Сначала он не понял, что именно изменилось. Какие-то звуки прошелестели на грани его сознания, что-то хрустнуло, прошуршало, как будто яблоко упало с веток на землю. «Откуда тут яблоки», — мелькнула мысль, и он попытался опять подобрать белое пятнышко с земли. Но его уже не было перед глазами, на зеленой траве остались только какие-то красные сгустки и пятна, и он встряхнул головой. И вдруг он ощутил, как его кто-то потрепал по плечу. Он с трудом поднял голову, сразу отозвавшуюся тупой болью и увидел незнакомое лицо. Перед ним на корточках сидел какой-то пацан, по виду ровесник или даже на год младше него, довольно тощей комплекции. Увидев, что он поднял голову, пацан улыбнулся и почему-то эта улыбка успокоила его.
— Ты кто? — машинально спросил он, чувствуя, что все его тело болит и язык с трудом ворочается во рту.
Пацан улыбнулся, лицо его было покрыто веснушками, и он впервые обратил внимание на его немного раскосые глаза.
— Меня зовут Пак.
Так он познакомился с «Корейцем».
Глава 2
— Пак? — невольно переспросил он. Собственный голос показался ему незнакомым, он закашлялся и встряхнул головой. Мир по-прежнему немного крутился вокруг него — и ему показалось на мгновение, что все это происходит не с ним. Слишком неправдоподобным казалось происходящее, как будто он смотрел на себя со стороны.
— Ага. Пак. Это фамилия. Впрочем, друзья называют меня Кореец, да и мне, честно говоря, так больше нравится, — ответил пацан. — Потом расскажу подробней. Ты как, нормально? — спросил Кореец и улыбнулся еще раз.
Он молчал. Ситуация все так же оставалась непонятной, как если бы в его старом калейдоскопе, в который он любил смотреть, перещелкнулись картинки, — новая картинка была ясной и отчетливой, но связи с предыдущей не наблюдалось.
Он скосил глаза вниз и обнаружил, что полулежит, не так давно белая майка перепачкалась в земле, штаны были заляпаны зелеными потеками от травы, и он сразу подумал о том, что отстирать их будет непросто. Он почему-то не сразу увидел кровь, ее было не очень-то и много, но майка была перепачкана ею даже сильней, чем землей. В крови была испачкана и веревочка, на которой болтался ключ от квартиры, и почему-то вид этой веревочки сразу напомнил ему бабушку, которая всегда следила за тем, чтобы он не забыл ключ, и на его глаза невольно навернулись слезы. Но он быстро справился с искушением и поборол желание заплакать.
Чтобы мозги окончательно встали на место, он еще раз энергично встряхнул головой.

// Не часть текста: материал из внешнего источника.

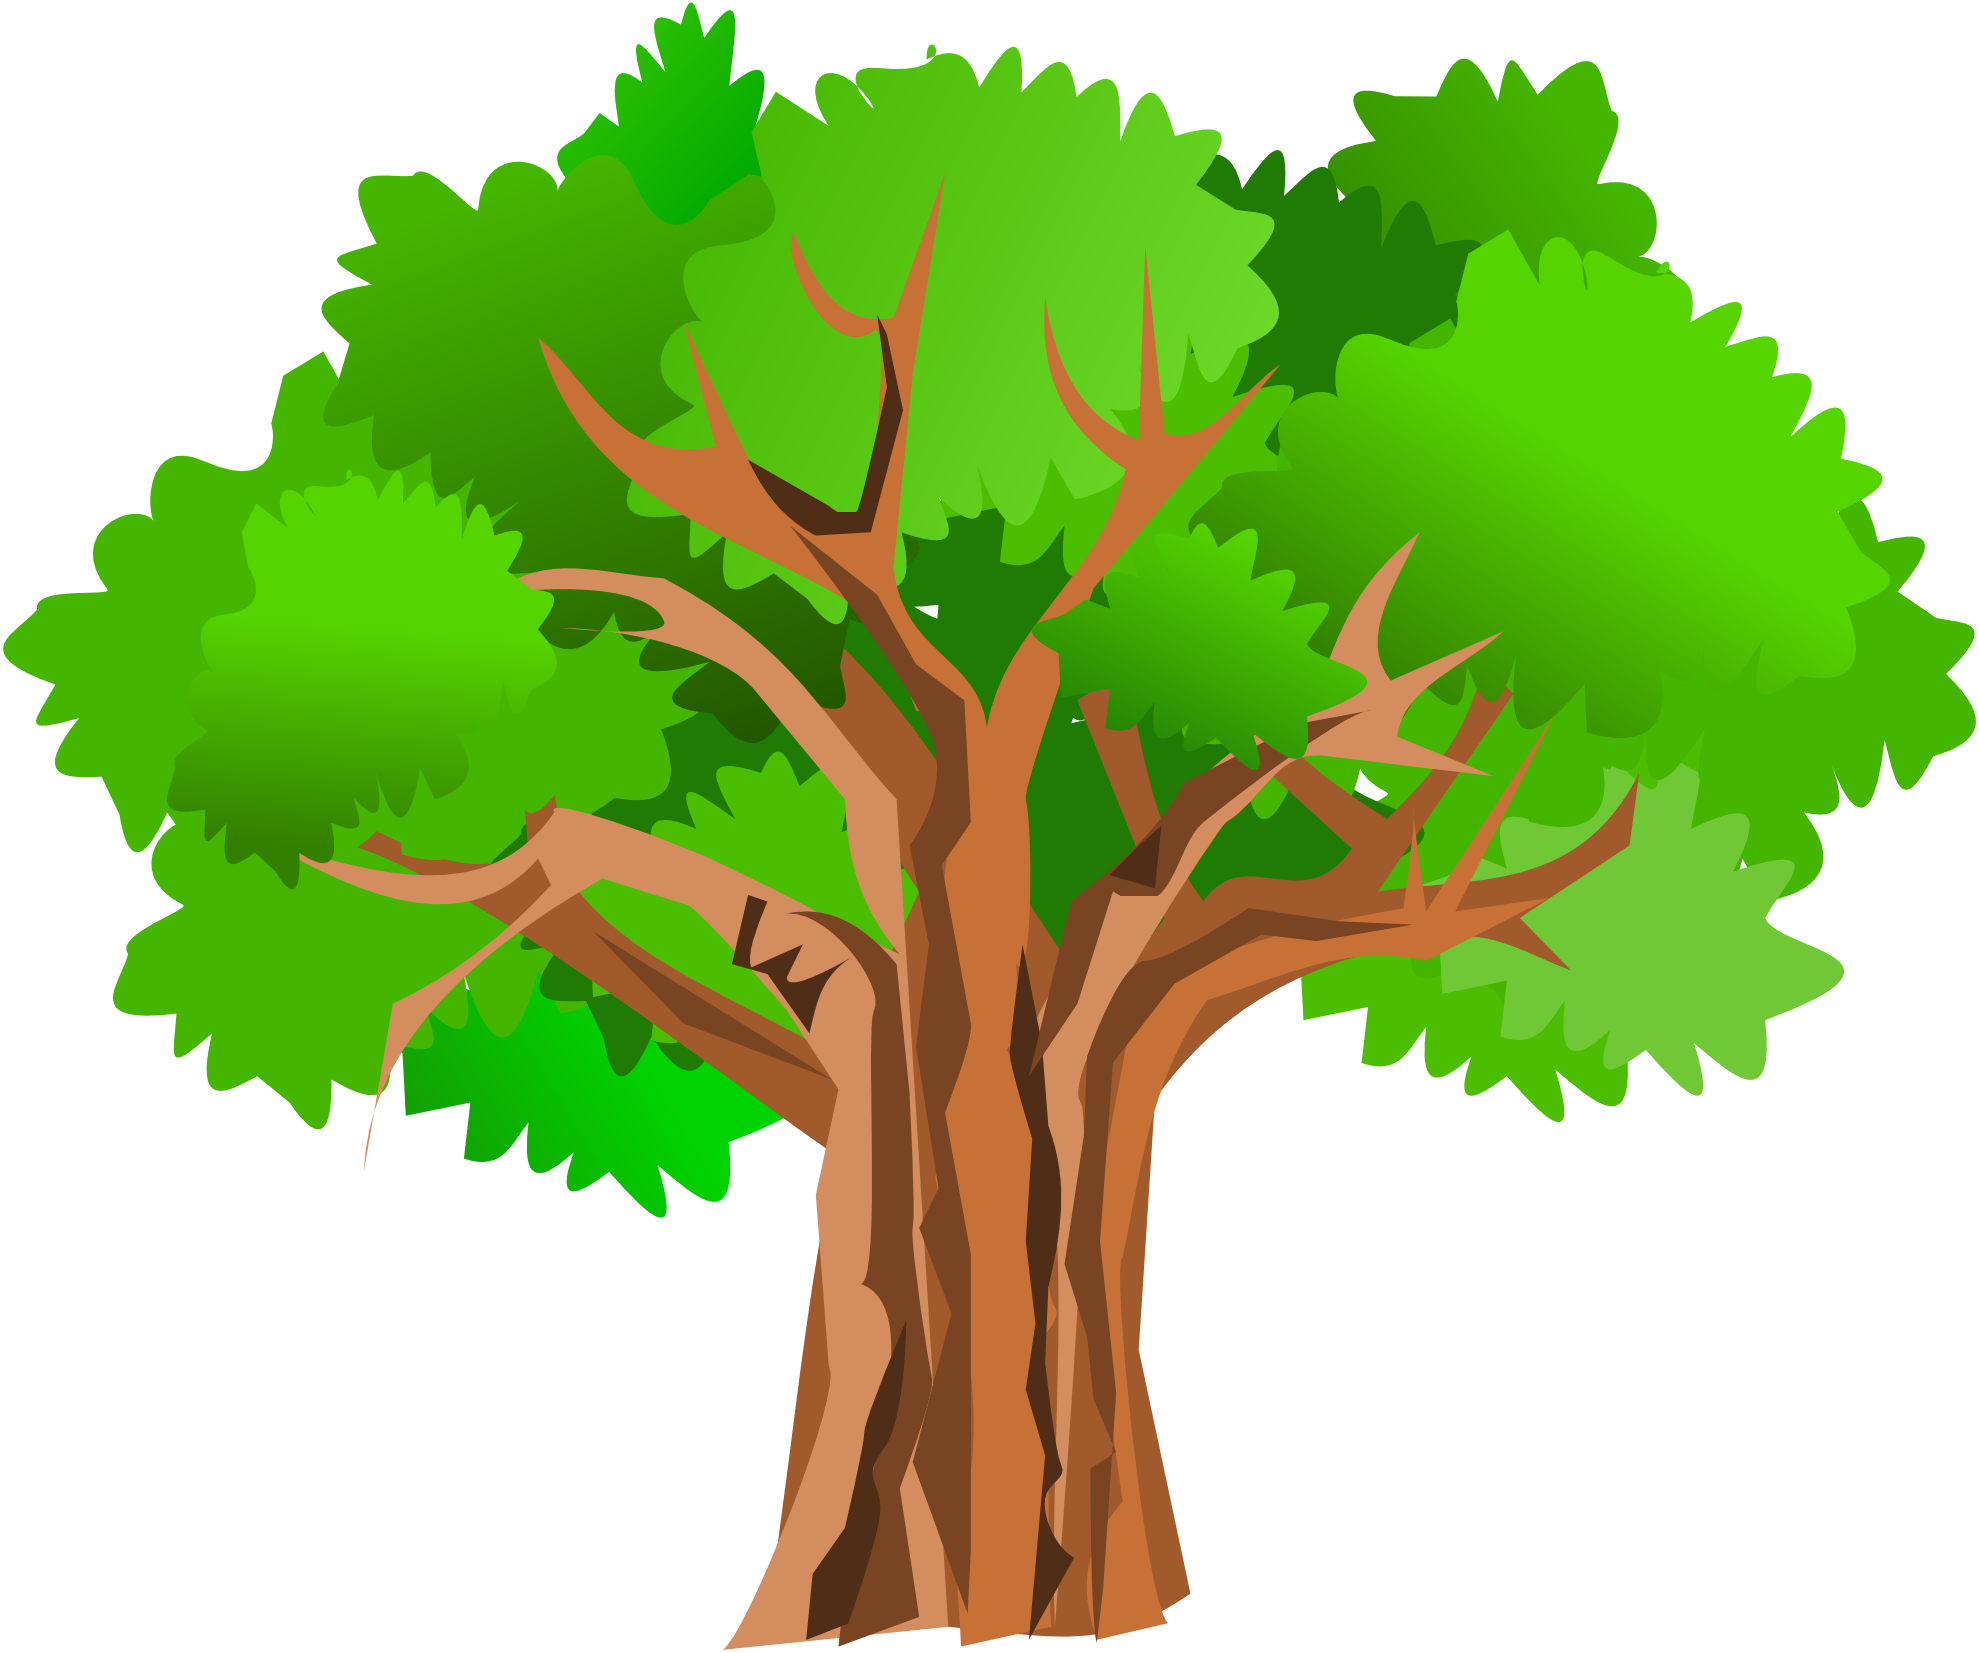 oak tree silhouette clip art free at getdrawings com free for rh getdrawings com dead oak tree clipart oak tree clip art images

Похожее ощущение было у него в жизни только раз — головокружение, легкая потеря ориентации в пространстве, и вызвано это было падением с забора, с которого он решил соскочить. И ведь спрыгнул он в целом неплохо, хотя забор был и высоким, если конечно же не считать того, что каблуки ботинок зацепились за железную поперечину, и ноги в результате остались на заборе. Это было классно, валяться в кровати и знать, что все вокруг волнуются и заботятся о тебе… И сломанная рука казалась тогда не очень большой платой за это. Две недели с рукой в гипсе были подарком судьбы, так он тогда считал.
Но сейчас все было иначе.
Кореец наблюдал за ним с интересом и, после того, как беглый осмотр повреждений был завершен, протянул ему руку. Ладошка была узкая и загорелая, но что-то в ней показалось ему странным.
Он схватился за его руку и встал. Ощущение от касания ладони Корейца было необычным. Ему показалось, что он схватился за доску, которую отполировали наждачной бумагой, чтобы убрать щепки, но не довели работу до конца. Ладонь была прохладной, шершавой и твердой, как древко пионерского знамени в школе, которое ему однажды доверили нести.
Похожее ощущение от касаний у него было не так давно, когда он, накопив денег, купил в магазине модель торпедного катера. К сожалению, довольно быстро выяснилось, что склеивать пластмассовые модели намного проще, и что для работы с деревом требуются какие-то иные навыки, которых у него не было. С торпедным катером у него так и не сложилось, но ощущение от касания грубой древесины, почти не поддающейся полировке, он запомнил.
Кореец стоял рядом и молча смотрел, как он отряхивается. Пак оказался невысокого роста, и, несмотря на то, что он сам с нетерпением ждал момента, когда вырастет и начнет обгонять девочек в классе, но дождаться этого никак не мог и на уроках физкультуры всегда был вторым с конца, Кореец казался еще ниже.
Первая мысль о том, что Кореец младше него, была очевидно ошибочной, его ввел в заблуждение его рост. Наверное, он все-таки постарше меня, — мелькнула мысль, на годик, полтора, лет 15, вряд ли больше.
И тут он вдруг явственно вспомнил о том, что случилось. Кружение в голове прекратилось, о происшедшем напоминало только жжение в расквашенном носу, да ноющая боль в разбитой губе.
— А… а что…? Он не смог сформулировать вопрос, и в этот момент его взгляд упал на лежавшую около ног авоську с хлебом, и он понял, что буханка белого безвозвратно раздавлена. И одновременно он увидел сразу двоих из трех своих обидчиков.
Ударивший его предводитель троицы тонко скулил, практически неслышно, в первый момент ему показалось, что это тихое жужжание шмеля в траве.
Долговязый лежал на боку, сжавшись в клубочек, и сучил ногами, складывалось ощущение, что он старается прокопать своими ботинками землю, от его ног уже проходило две борозды, а второй нелепо сидел рядом на корточках, раскачиваясь и упираясь головой в землю. Красноречивая лужа около лица говорила о том, что его вырвало, но судя по внешнему виду он или физически не мог встать, или же данная задача вообще не рассматривалась им как первоочередная в текущий момент времени.
— А что произошло? — ошарашено спросил он, пораженный открывшейся картиной. Раздавленный хлеб только на мгновение был отмечен его сознанием, находящиеся так близко хулиганы опять заставили комок в желудке скакнуть вверх.
Кореец, до его вопроса внимательно и спокойно смотревший на пострадавших, перевел на него взгляд.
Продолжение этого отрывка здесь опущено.